我试图在“<”之前和之后得到这个词。旧词是左边的那个,新词是右边的那个。这就是我到目前为止所做的:

#include <stdio.h>
#include <stdlib.h>
#include <string.h>
#include <ctype.h>

/*
Name: Marcus Lorenzana
Assignment: Final
*/

//binary tree struct to hold left and right node
//as well as the word and number of occurrences
typedef struct node
{
    char *word;
    int count;
    struct node *left;
    struct node *right;
}
node;

//,.?!:;-
int punctuation[7];


void insert(node ** dictionary, node * entry);
char* readFile(char* filename);
void printDictionary(node * tree);
void toLower(char** word);
void getReplacementWords(char *filecontents, char **newWord, char **oldWord)  ;


int main()
{

    char *word;
    char* filecontents = readFile("data.txt");
    char* oldWord;
    char* newWord;

    //create dictionary node
    node *dictionary;
    node *entry;

    //read words and punctuation in from the text file
    word = strtok (filecontents, " \n");

    dictionary = NULL;

    while (word != NULL)
    {
        //word = strlwr(word); 
        entry = (node *) malloc(sizeof(node));
        entry->left = entry->right = NULL;
        entry->word = malloc(sizeof(char)*(strlen(word)+1));
        entry->word = word;
        insert(&dictionary,entry);
        word = strtok (NULL, " \n");
    }

    //printDictionary(dictionary);

    filecontents = readFile("data.txt"); 
    getReplacementWords(filecontents,&newWord,&oldWord);




    return 0;
}

void insert(node ** dictionary, node * entry)
{
    if(!(*dictionary))
    {
        *dictionary = entry;
        entry->count=1;
        return;
    }


    int result = strcmp(entry->word,(*dictionary)->word);

    if(result<0){
        insert(&(*dictionary)->left, entry);
        entry->count++; 
    }
    else if(result>0){
        insert(&(*dictionary)->right, entry);
        entry->count++; 
    } else {
        entry->count++; 
    }

}

//put file contents in string for strtok
char* readFile(char* filename)
{
    FILE* file = fopen(filename,"r");
    if(file == NULL)
    {
        return NULL;
    }

    fseek(file, 0, SEEK_END);
    long int size = ftell(file);
    rewind(file);

    char* content = calloc(size + 1, 1);

    fread(content,1,size,file);

    return content;
}

void printDictionary(node * dictionary)
{
    if(dictionary->left) {
        printDictionary(dictionary->left);
    }

    printf("%s\n",dictionary->word);

    if(dictionary->right) {
        printDictionary(dictionary->right);
    }
}


void getReplacementWords(char *filecontents, char **newWord, char **oldWord) {
    char *word;
    word = strtok (filecontents, " \n");

    while (word != NULL)
    {
        printf("\n%s",word); 
        int result = strcmp(word,"<"); 
        if (result == 0) {
            printf("\nFound replacement identifier"); 
        }
        word = strtok (NULL, " \n");
    }
}

4 个答案:

答案 0 :(得分:2)

你可以用 fscanf(filename , "%s < %s" , firstStringContainer , secondStringContainer)
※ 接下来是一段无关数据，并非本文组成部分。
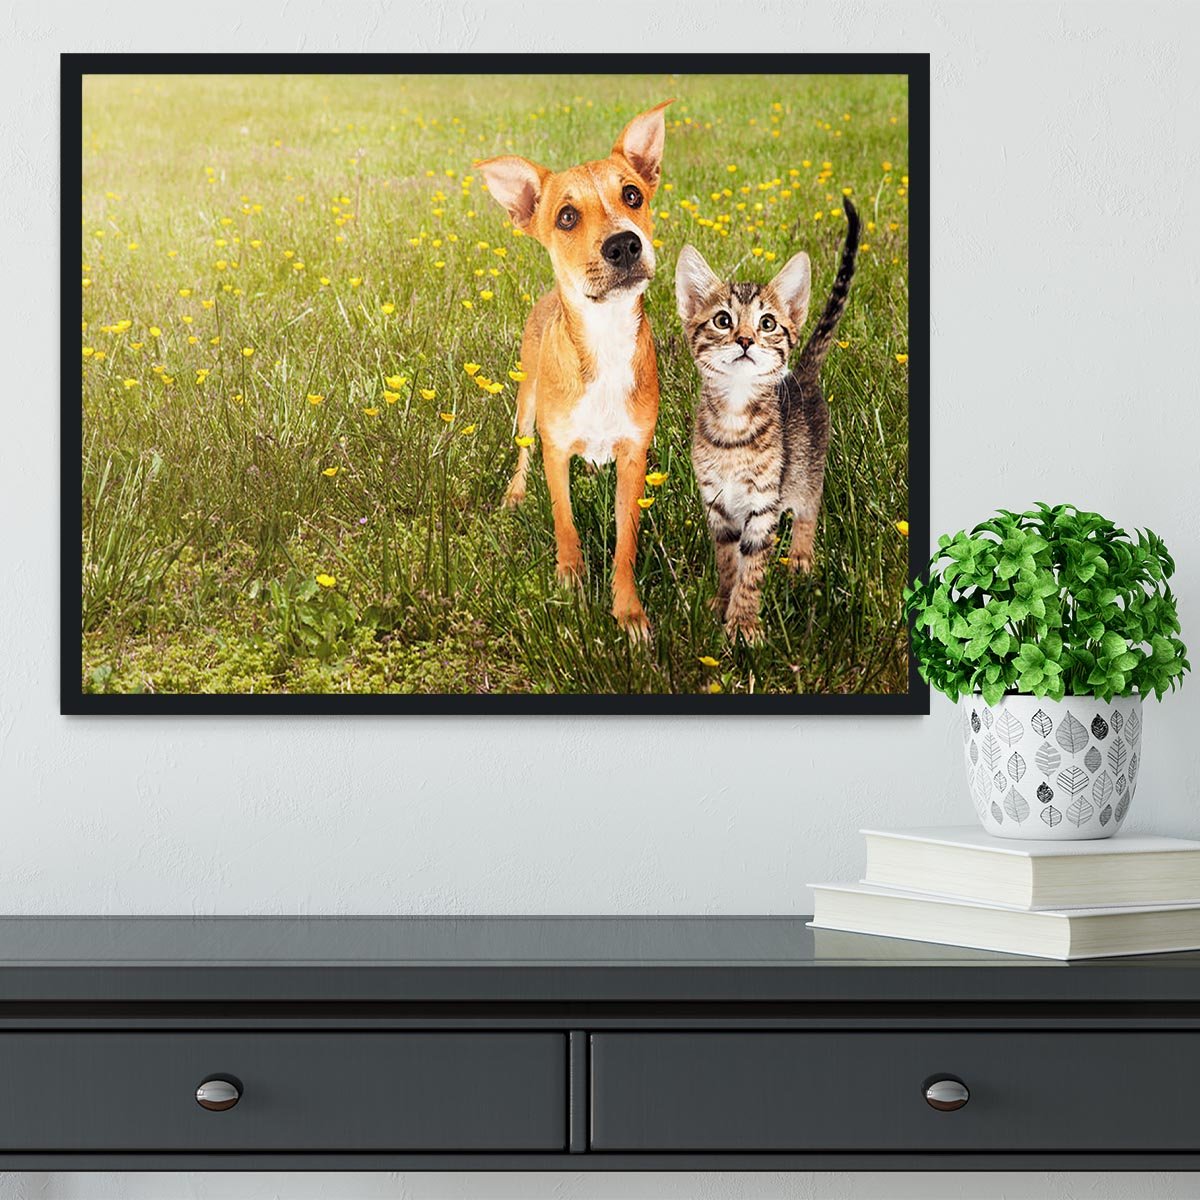 Cute kitten and puppy together in a field Framed Print - Canvas Art Rocks - 2

使用fseek到达包含<字符的行后,这将获得&lt; 1之前的字符串存储在firstStringContaine r和secondStringContainer之后的存储 这是您要使用的代码:

int found = 0;
char buffer[chooseYourSize];
char firstStringContainer[chooseYourSize] , secondStringContainer[chooseYourSize];
while(fgets(buffer , sizeof(buffer) , filename) != NULL)
{
    if(strchr(buffer , '<'))
    {
         found++;
         break;
    }
}
if(found)
{
     fscanf(file , "%s < %s" , firstStringContainer , secondStringContainer);
}

当然,这仅在目标线仅包含三个元素字符串&lt;字符串就是这里的情况

答案 1 :(得分:1)

如果您的数据格式为STRING1&lt;你可以做STRING2:

fscanf(file,"%s < %s", string1, string2);

如果它在某个地方的某个地方,那将会更加困难。您可以做的是从文件中抓取行并将它们放入缓冲区,然后找到>,返回到第一个字符串的开头,然后阅读您想要的内容。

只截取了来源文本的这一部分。